Start of DATA

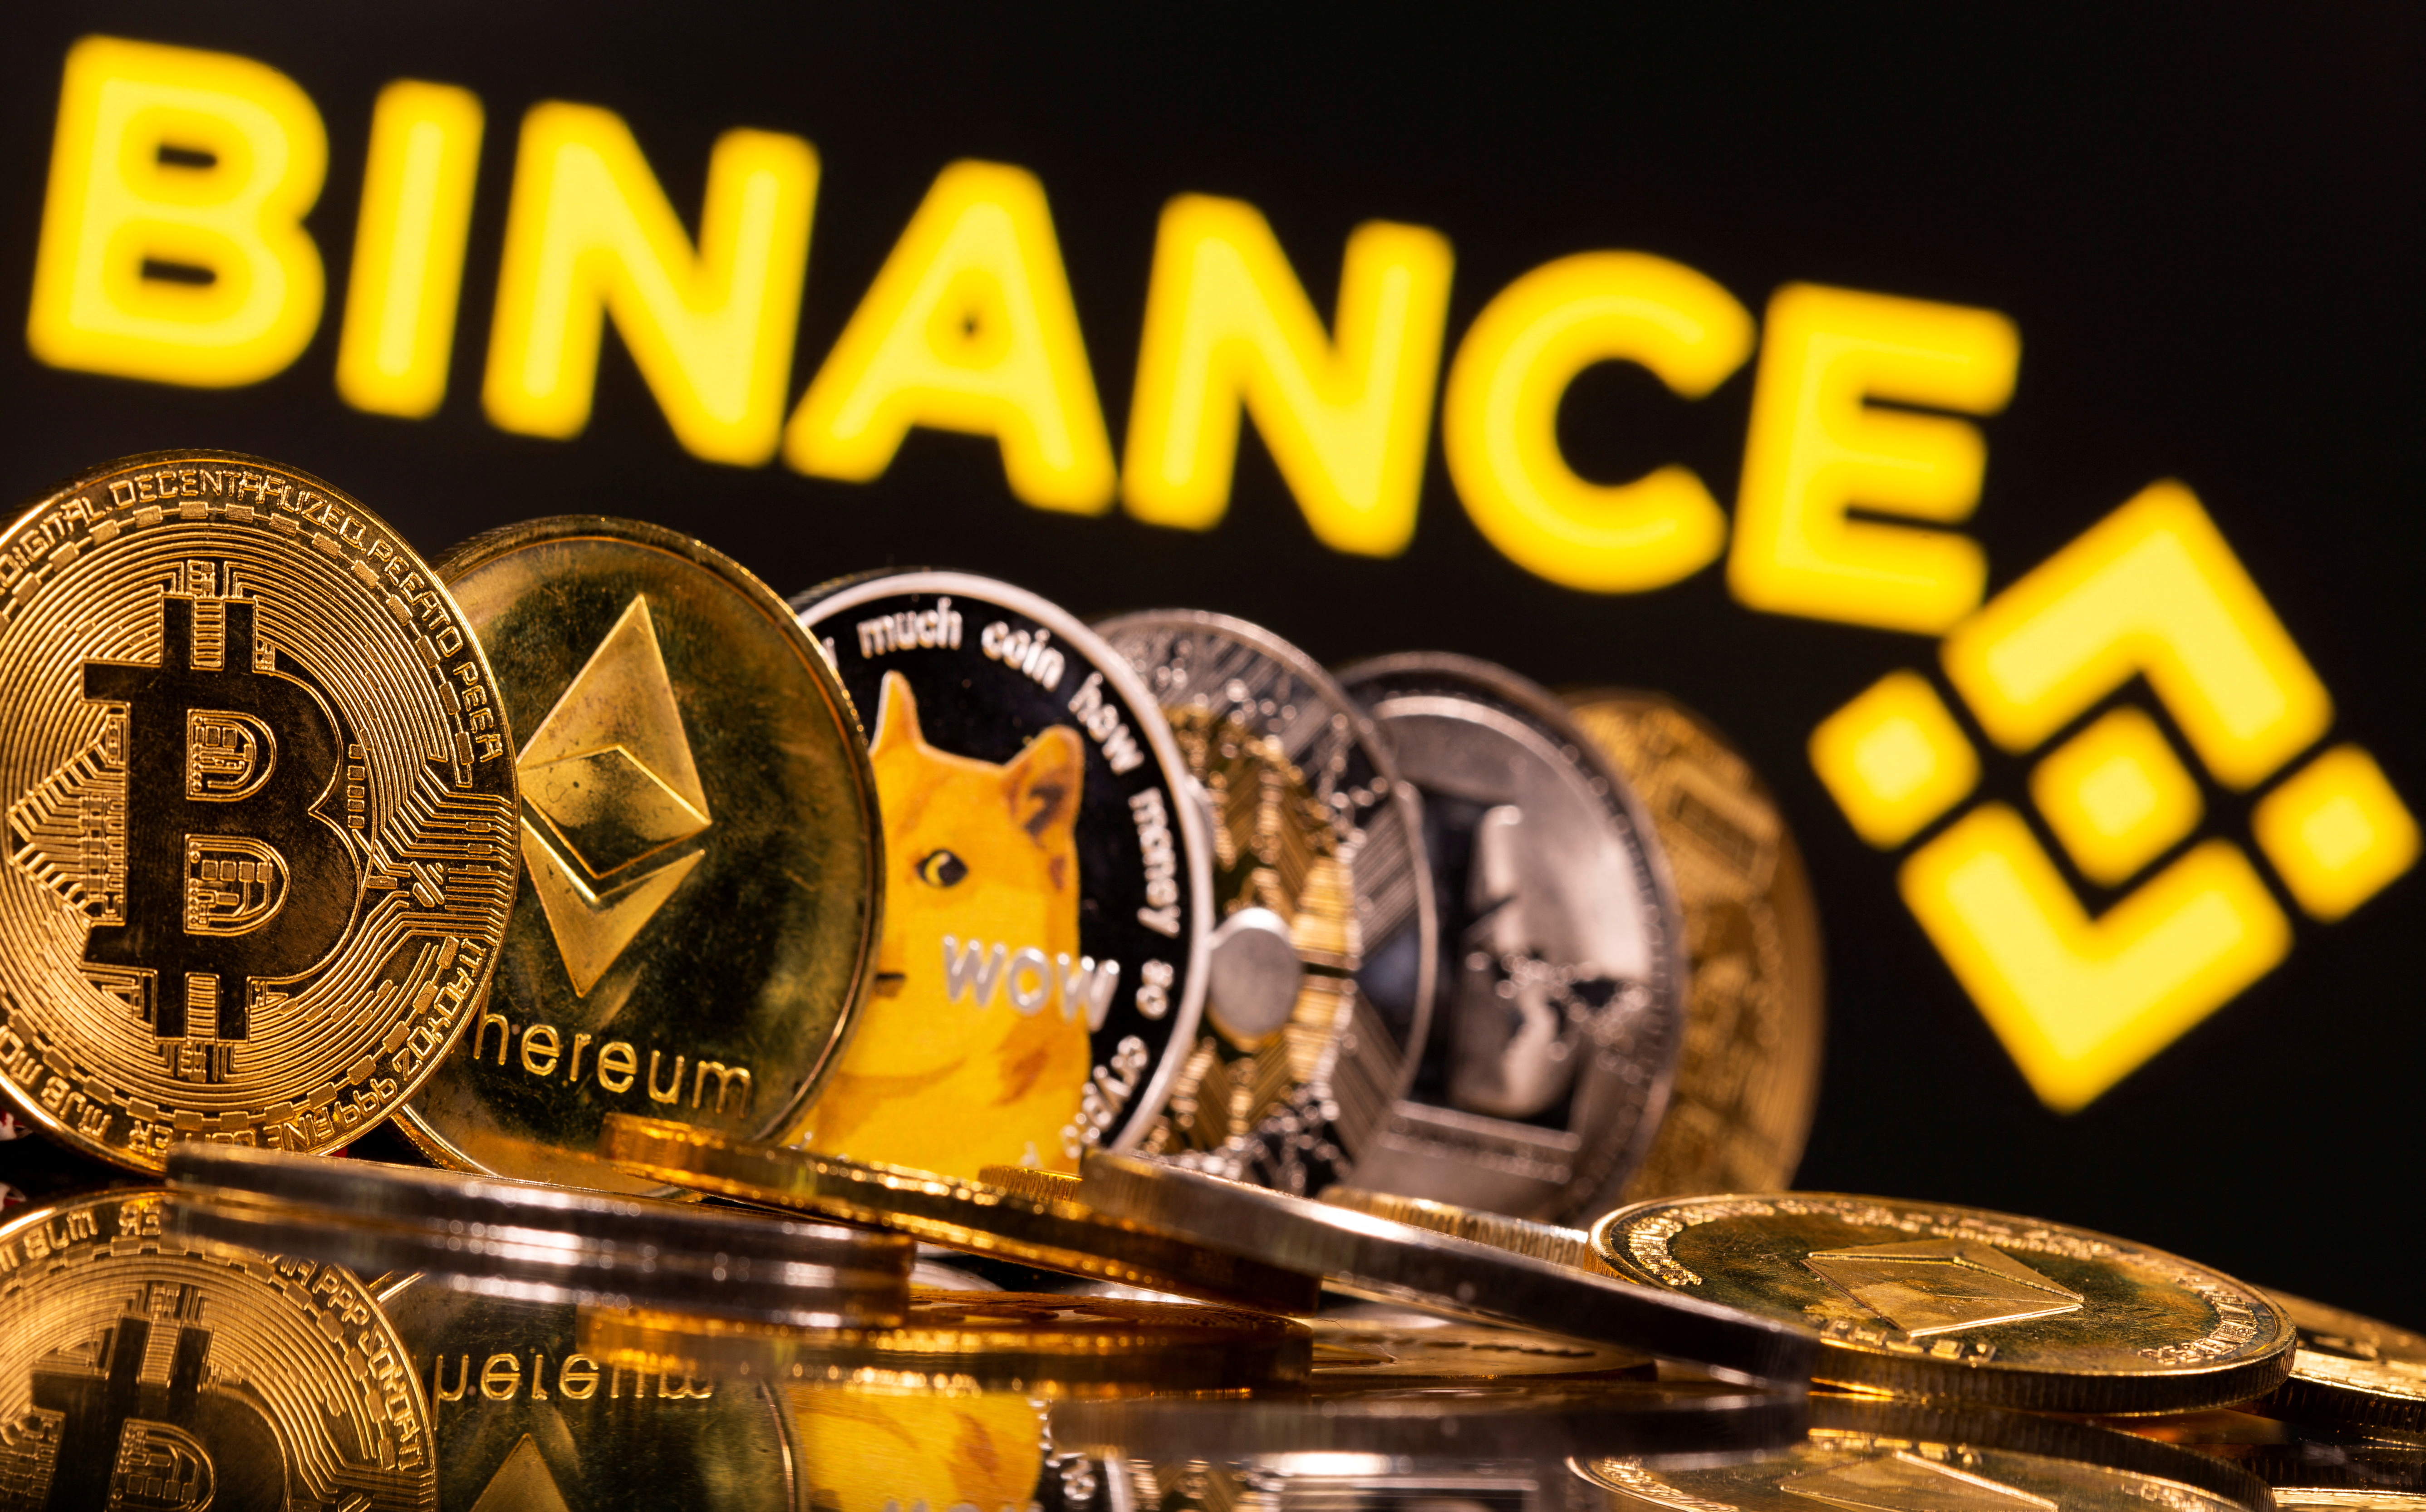 Representations of cryptocurrencies Bitcoin, Ethereum, DogeCoin, Ripple, and Litecoin are seen in front of a displayed Binance logo
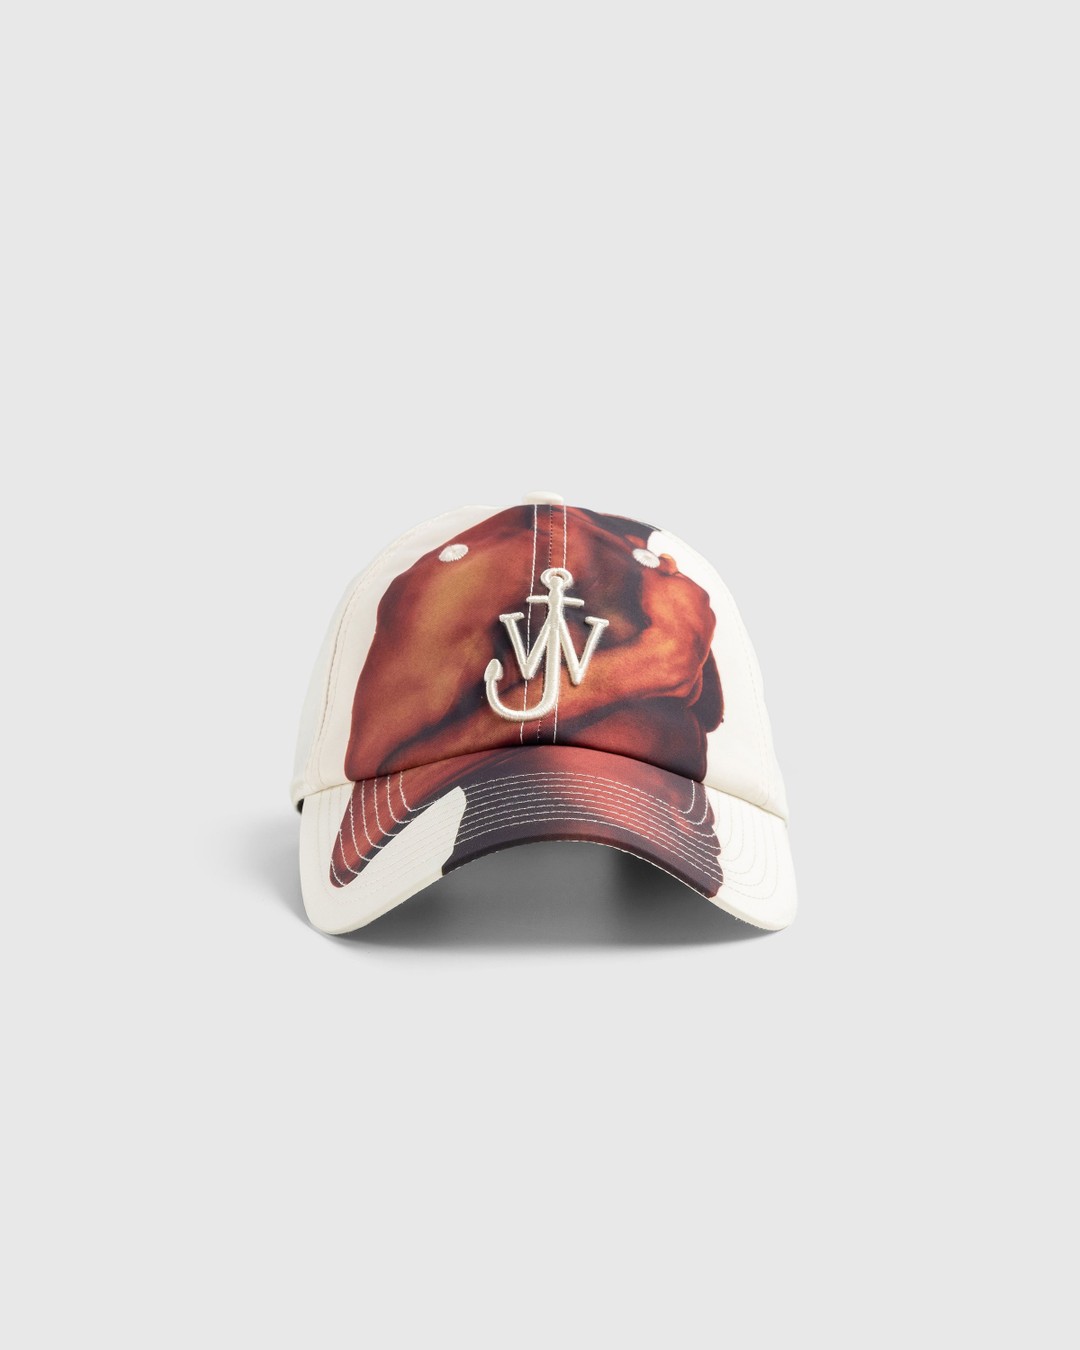 J.W. Anderson – Logo Embroidered Baseball Cap Off White - Hats - White - Image 2
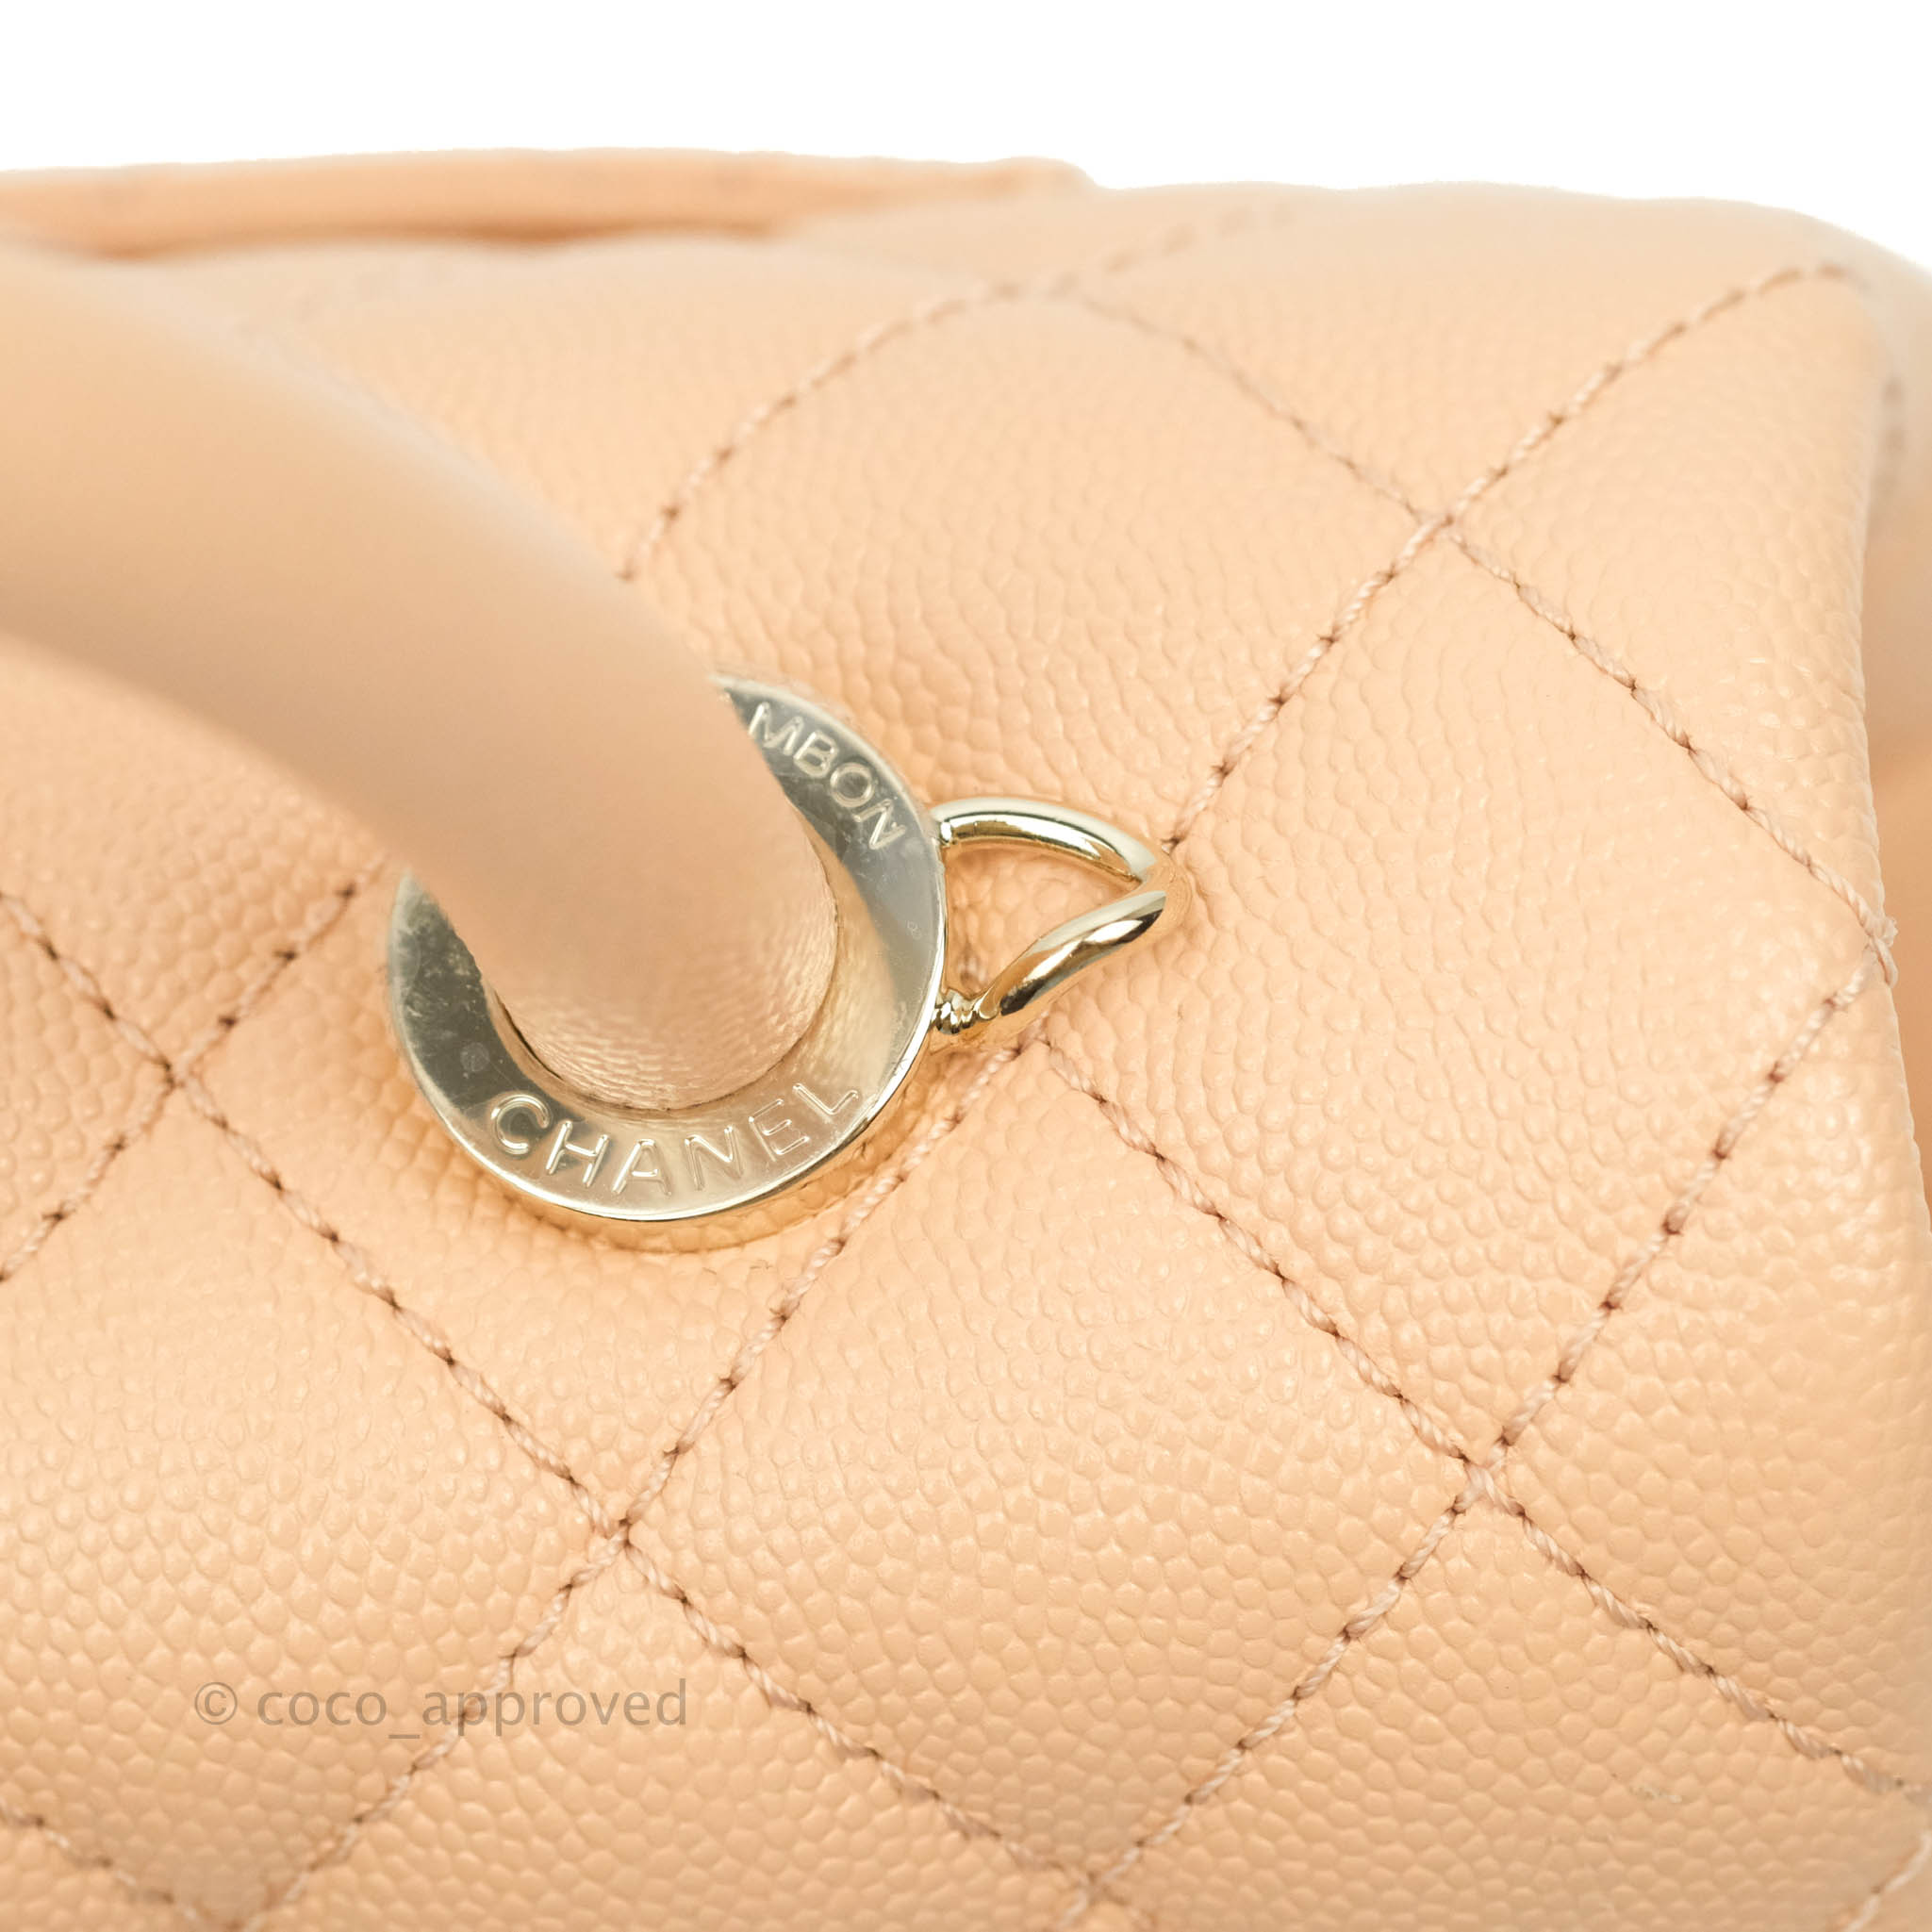 Chanel Small Coco Handle Flap Light Pink Caviar Light Gold

End of DATA

YOUR OBJECTIVE: What you give back should be exactly the lines from the line holding "J.W. Anderson –" through the final line of the material, both ends included, and please leave out the pictures.

EXERCISE ANSWER:
 J.W. Anderson – Logo Embroidered Baseball Cap Off White - Hats - White - Image 2
 Chanel Small Coco Handle Flap Light Pink Caviar Light Gold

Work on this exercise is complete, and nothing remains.